2018年10月28日日曜日

リッツ・カールトンに学ぶ地域医療創生

 2018年10月25日。人とホスピタリティ研究所所長の高野登先生を講師にお迎えして「いのちの現場とおもてなしの心」〜医療従事者における接遇とは〜 と題し、社団医療法人養生会接遇特別講演会がパレスいわやで開催されました。


 高野氏は各ビジネス誌やレジャー誌で常にトップクラスの評価を得ているリッツ・カールトン・ホテルの元日本支社長で、従業員に“おもてなしの極意”を徹底的に叩き込んでこられた人物です。高野氏は、最高のおもてなしとは、設備でもマニュアルでもなく“人の価値”だと言います。たとえ、豪華な建物と完璧なサービスマニュアルがあっても、そこに企業の熱いパッションが根底に流れていなければ、ホテルが単なる宿泊施設の域を超えることはなく、企業の“心”と“魂”が従業員を通してお客様に伝わって初めてホテルはひとつのブランドへと昇華されると言うのです。

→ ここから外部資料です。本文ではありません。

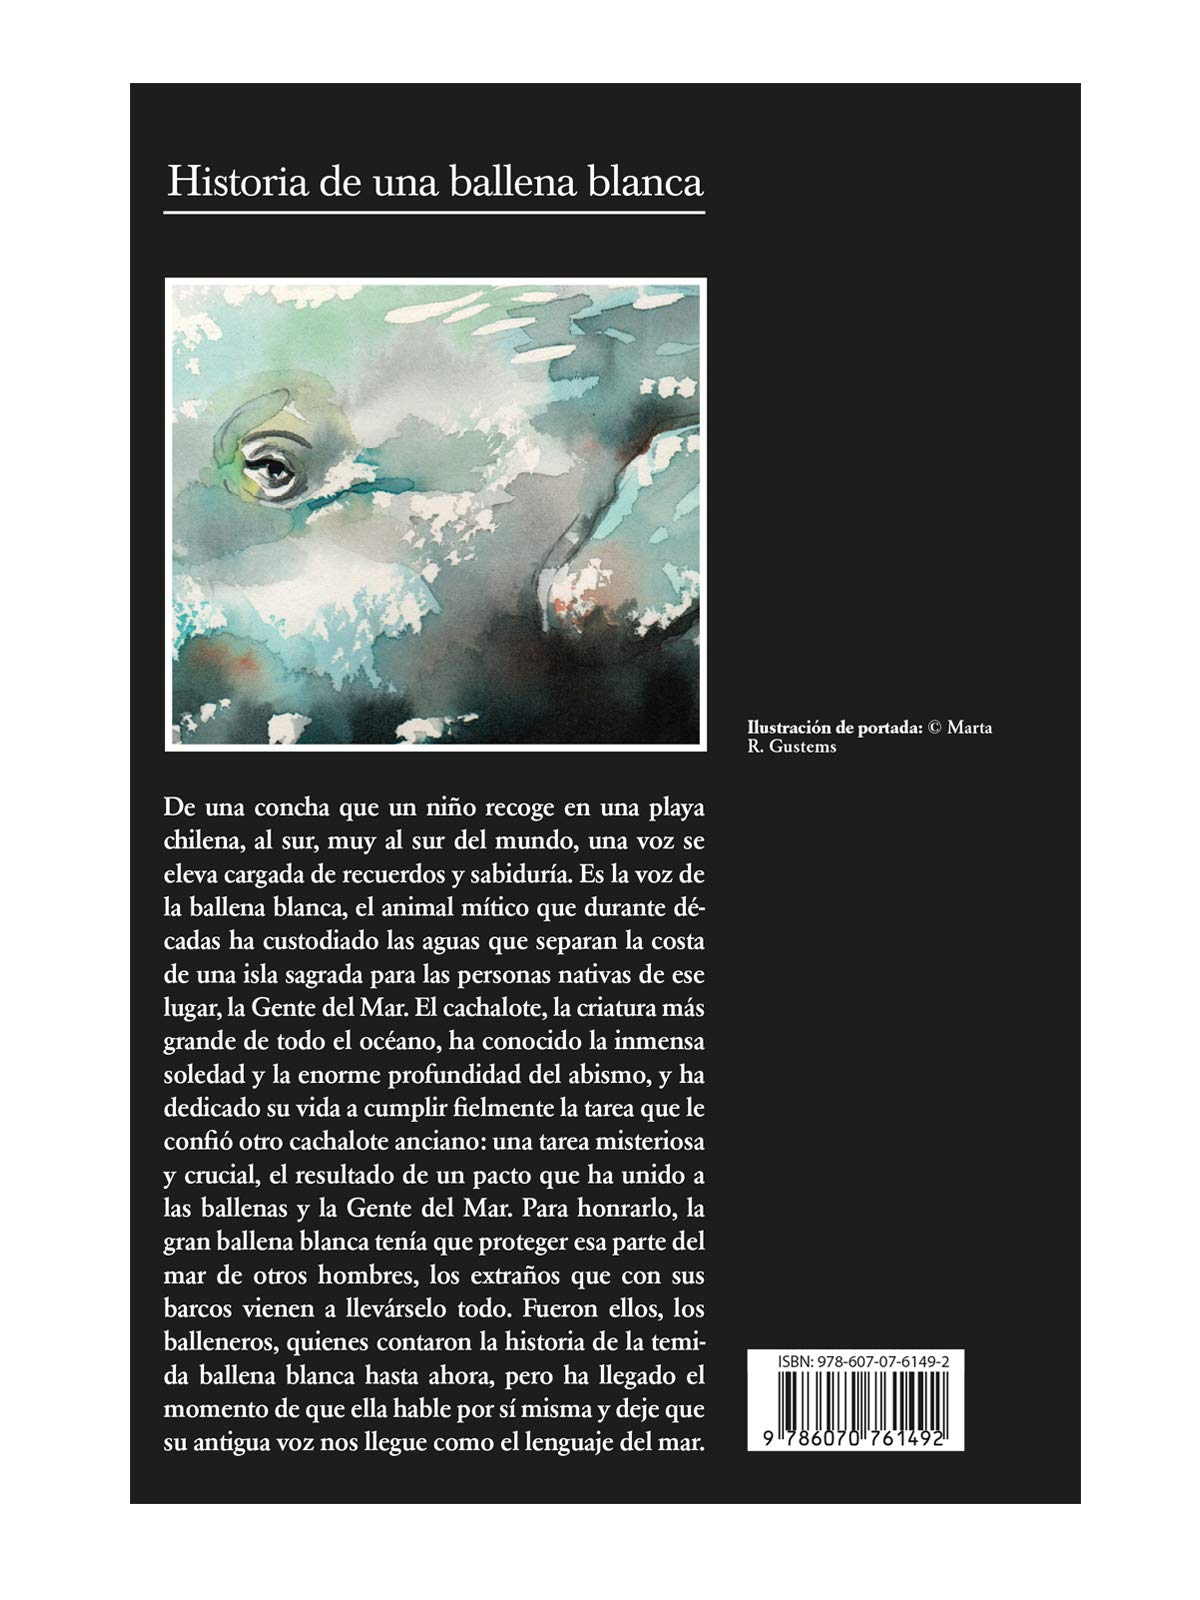 Historia de Una Ballena Blanca: Amazon.es: Sepulveda, Luis: Libros

 講演の冒頭で高野氏は最高の笑顔で「仕事は一生かけて人格を形成するためのもの」と断言されました。そして、その神々しく揺ぎ無い姿に圧倒され「これまでの自分は仕事を通してきちんと人格を鍛えてきただろうか?」と深く猛省させられる、まさにハッとした瞬間でした。高野氏は続けて“サービス”と“おもてなし”との違いを明確に定義づけしました。サービスとは、いつでも・どこでも・誰にでも提供する、客との契約に基づく商品であり、徹底したマニュアル管理により質を担保することができます。一方、おもてなしは、個々の客の、その時・その場における固有の状況を丁寧に観察し、客がどんなことを望み、何を必要としているかを想像し、マネジメントを創造した者にだけ提供できる、今だけ・ここだけ・あなたにだけの特別なものです。相手の心に自分の心を寄り添わせて、相手の立場になって対話する姿勢そのものであり、一人ひとりの相手が求めているものの違いに気づき、感じ取る“感性”が必要になります。その先に互いの“感動”と“感謝”が生まれ、決して飽きることなく、やりがいをもって何度でも繰り返したくなる善循環へとつながっていきます。


 講演を聴きながら、医療におけるサービスとおもてなしについて考えました。医療におけるサービスはもちろん診療行為です。これは徹底したマニュアル管理により、提供内容の標準化や質の向上、医療ミスの低減が図れるかもしれません。また、手術等の専門的技能は、経験を重ねるごとに技術が習熟されていくでしょう。しかし、こういったマニュアル化しうる領域は、おそらく人工知能(AI)の得意分野でもあり、AIの守備範囲は日進月歩で拡大し、医療従事者の役割は今後縮小していくでしょう。ホテル業界でも接客のほとんどをロボットに任せている「変なホテル」という名のホテルが登場しているぐらいですから…。一方、医療におけるおもてなしとはどのようなものでしょうか? 例えば同じ疾病の患者さんであっても、その病気の体験(苦しみや恐れの程度や内容、置かれている境遇など)は、患者さん一人ひとり異なるし、更に家族をはじめとする患者さんを取り巻く人々や社会環境は千差万別です。これらの固有の事情に配慮して、患者さんがどんなことを望み、何を必要としているかを想像し、マネジメントを創造して、今だけ・ここだけ・あなたにだけの特別なケアを提供することが医療におけるおもてなしであり、これぞまさに患者中心の医療そのものなのではないでしょうか?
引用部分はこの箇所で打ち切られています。